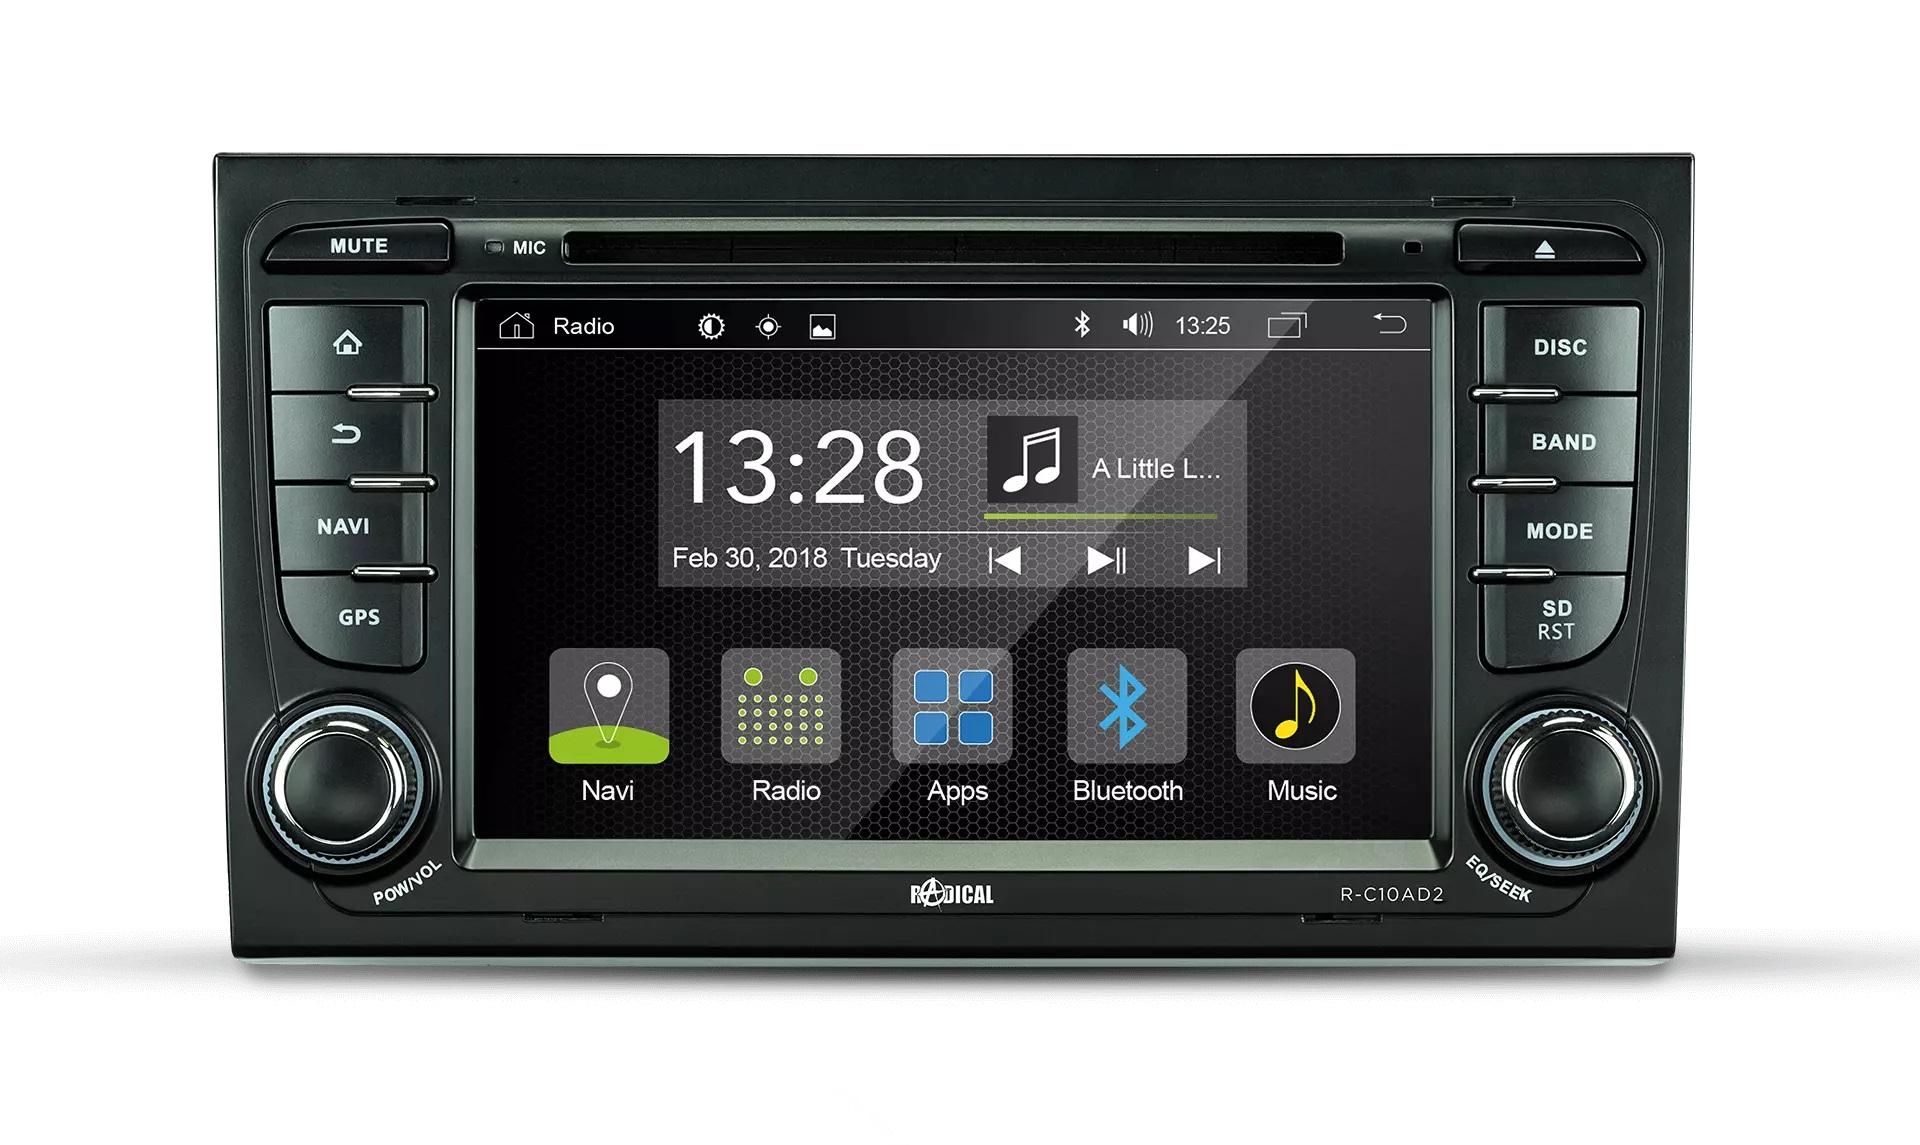 RADICAL R-C11AD2 Audi A4 Infotainment Android 9.0 2 DIN utoradio für Audi A4
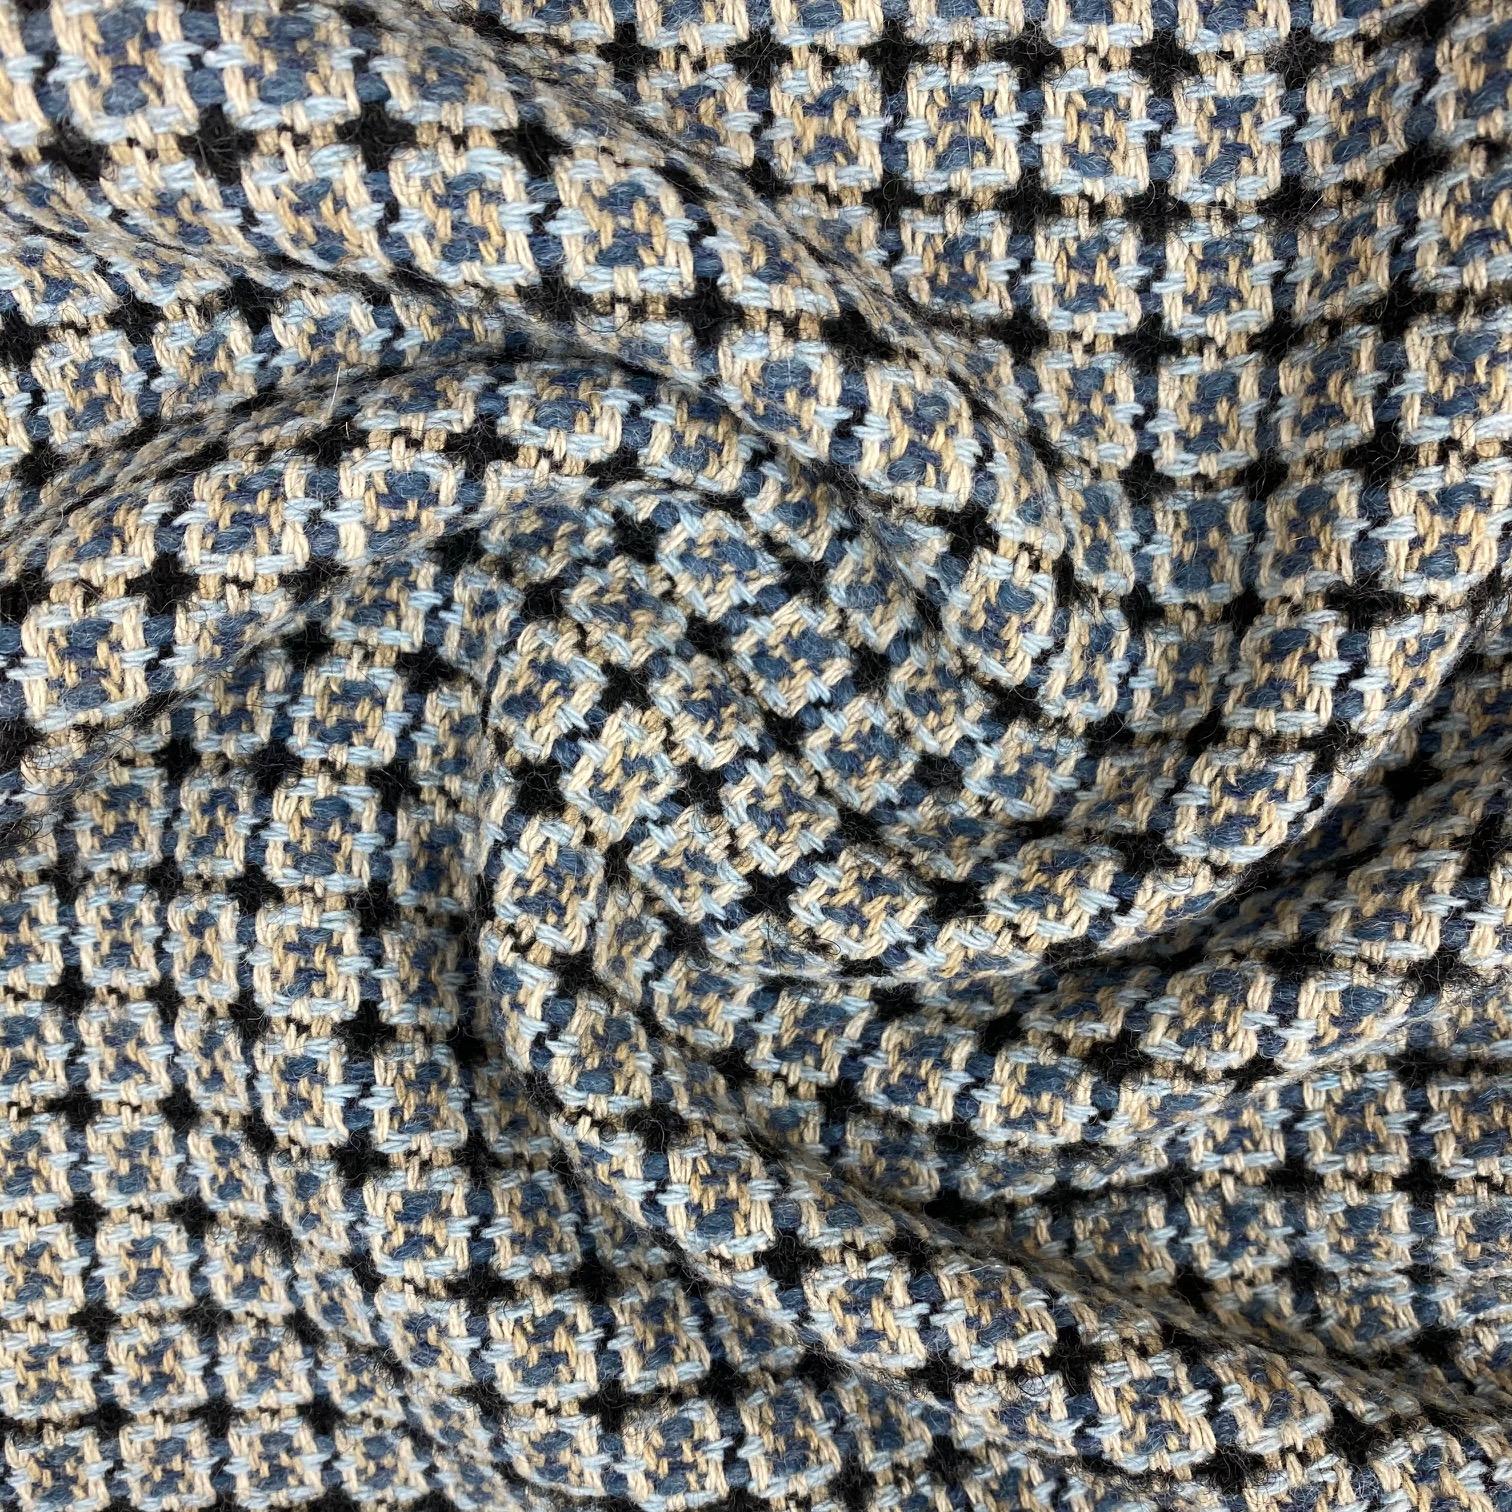 Mantelstoff, Buntgewebe Wolle, blau/hellblau. Art. 3332-04
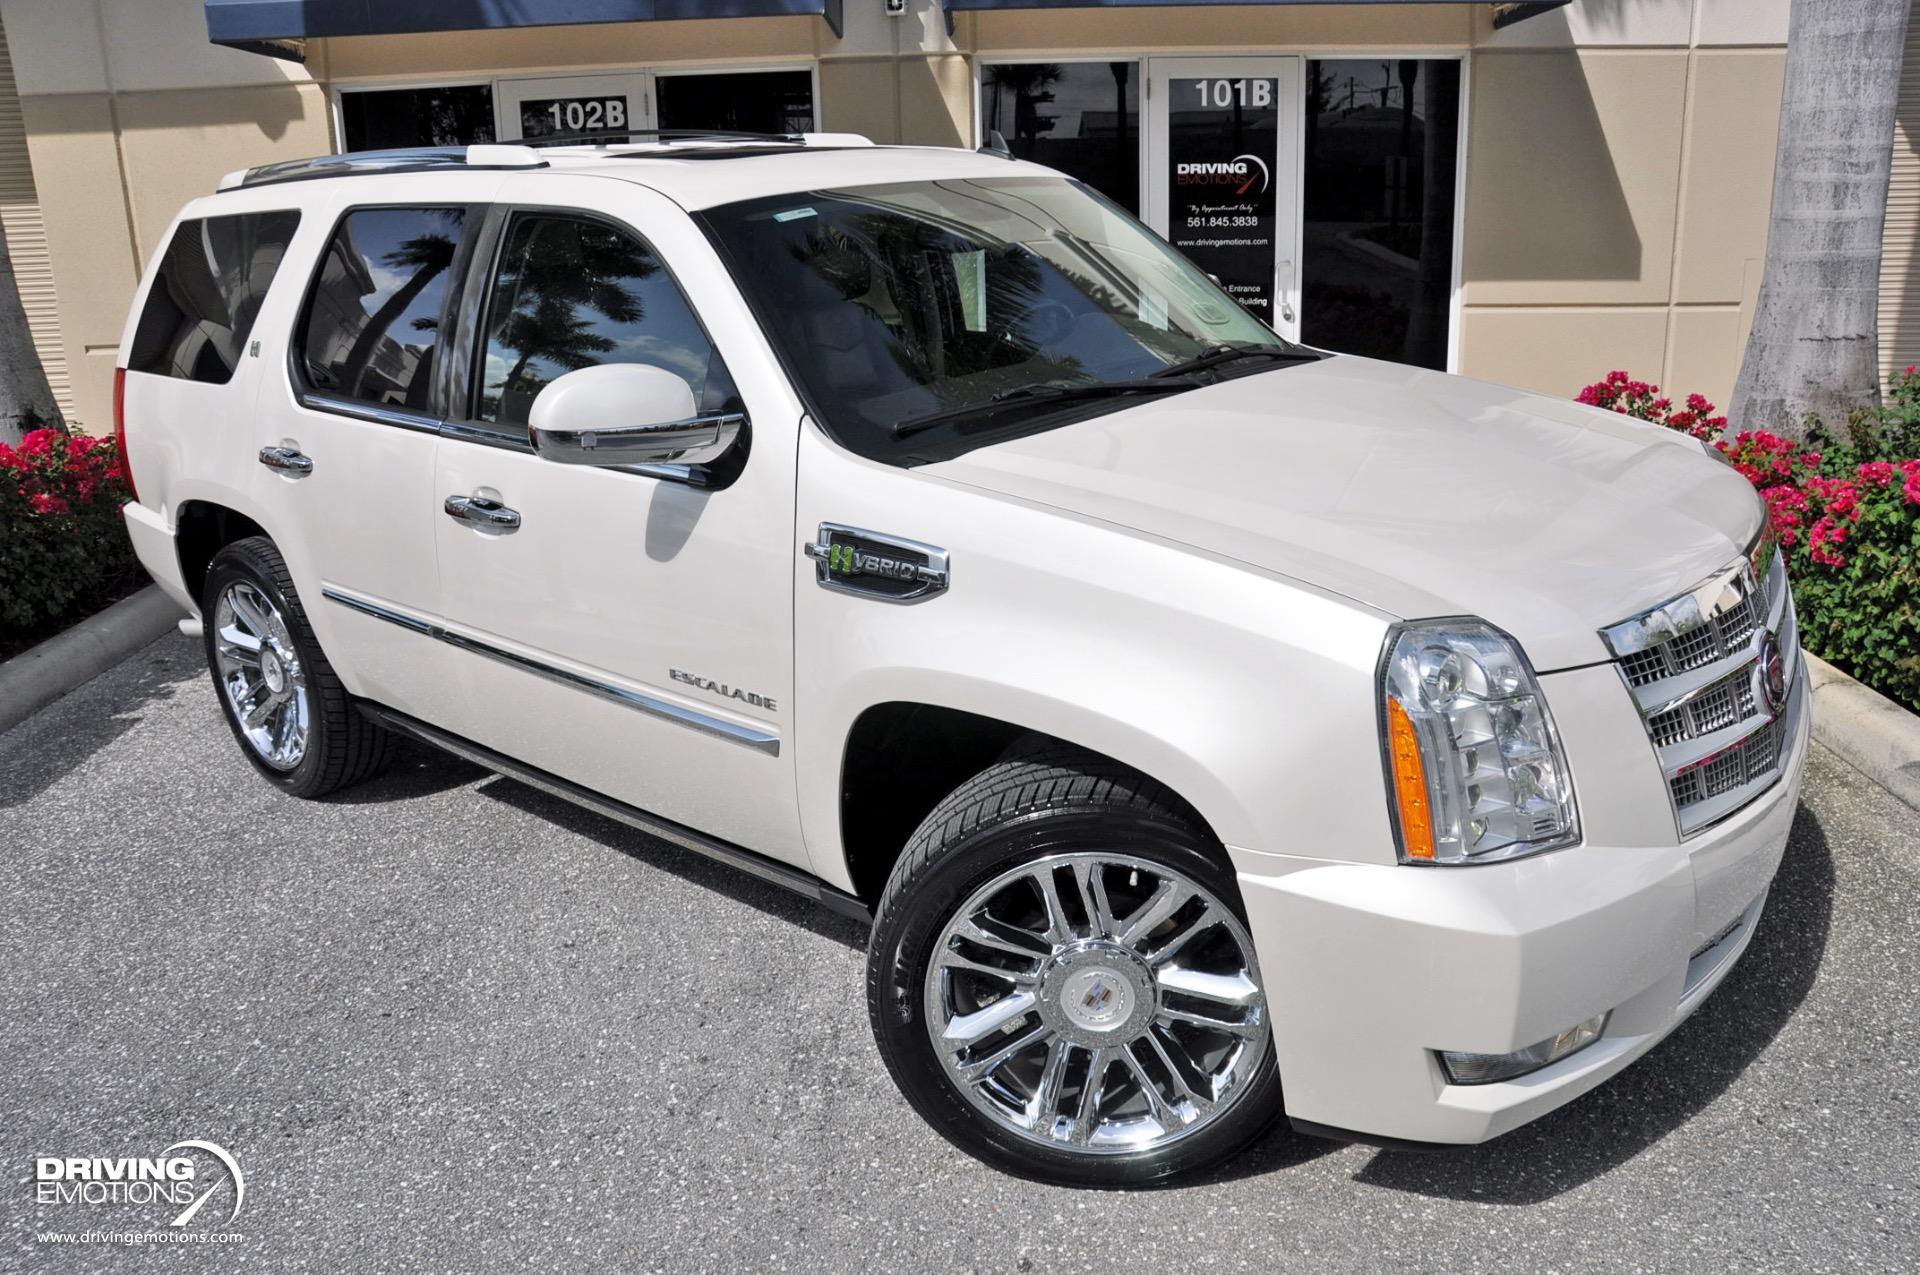 Used 2010 Cadillac Escalade Hybrid Platinum Edition | Lake Park, FL
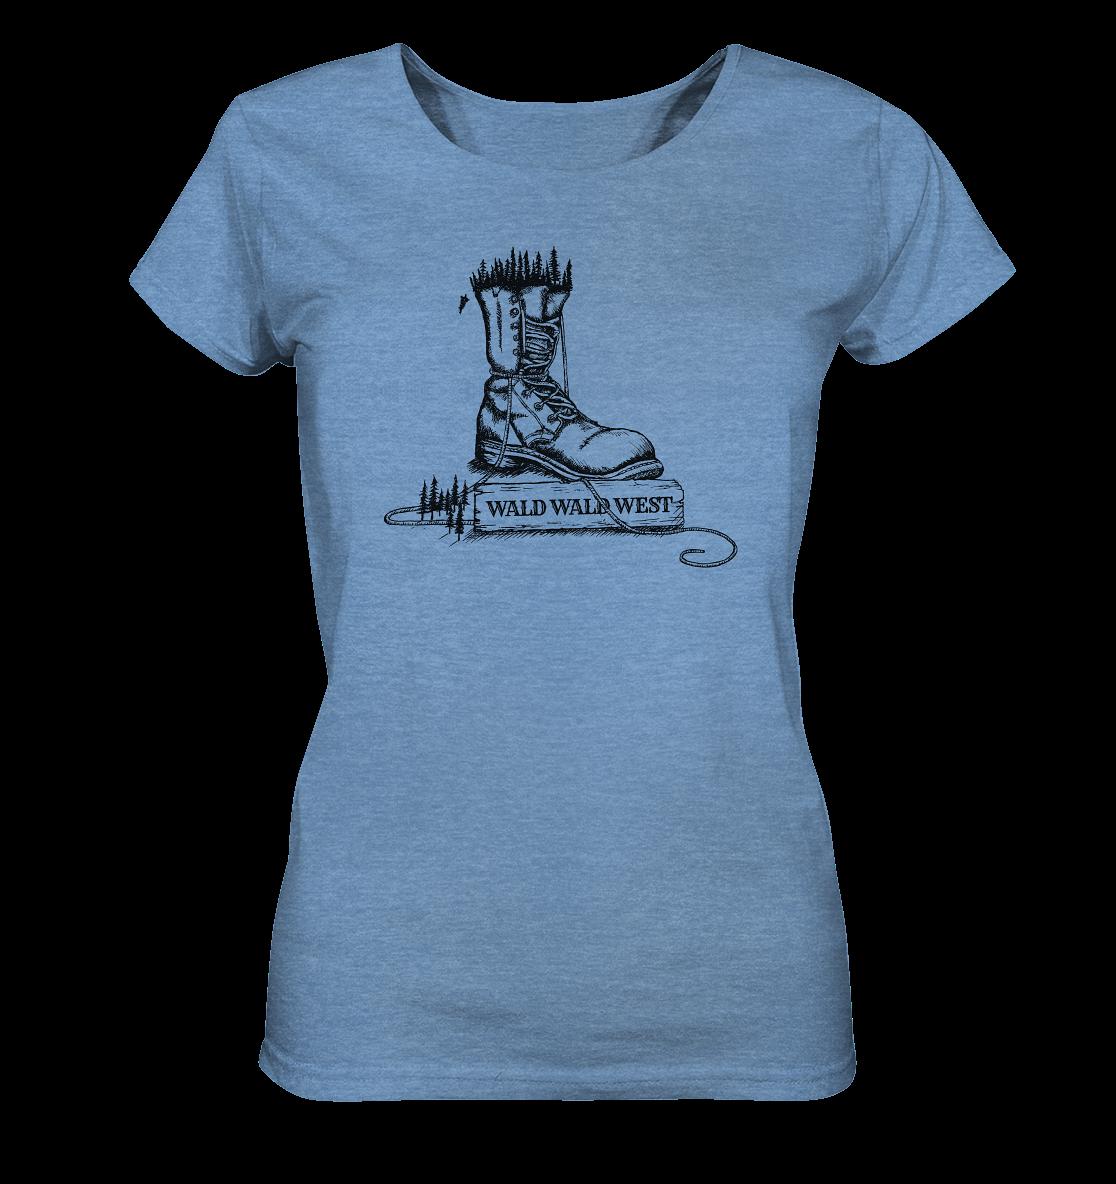 front-ladies-organic-shirt-meliert-6090c4-1116x.png
----------
WHAT TO PRODUCE: Before copying the material, set its pictures aside; then transcribe it word for word.

COMPLETED EXERCISE:
 RADICAL R-C11AD2 Audi A4 Infotainment Android 9.0 2 DIN utoradio für Audi A4
 Mantelstoff, Buntgewebe Wolle, blau/hellblau. Art. 3332-04
 Used 2010 Cadillac Escalade Hybrid Platinum Edition | Lake Park, FL
 front-ladies-organic-shirt-meliert-6090c4-1116x.png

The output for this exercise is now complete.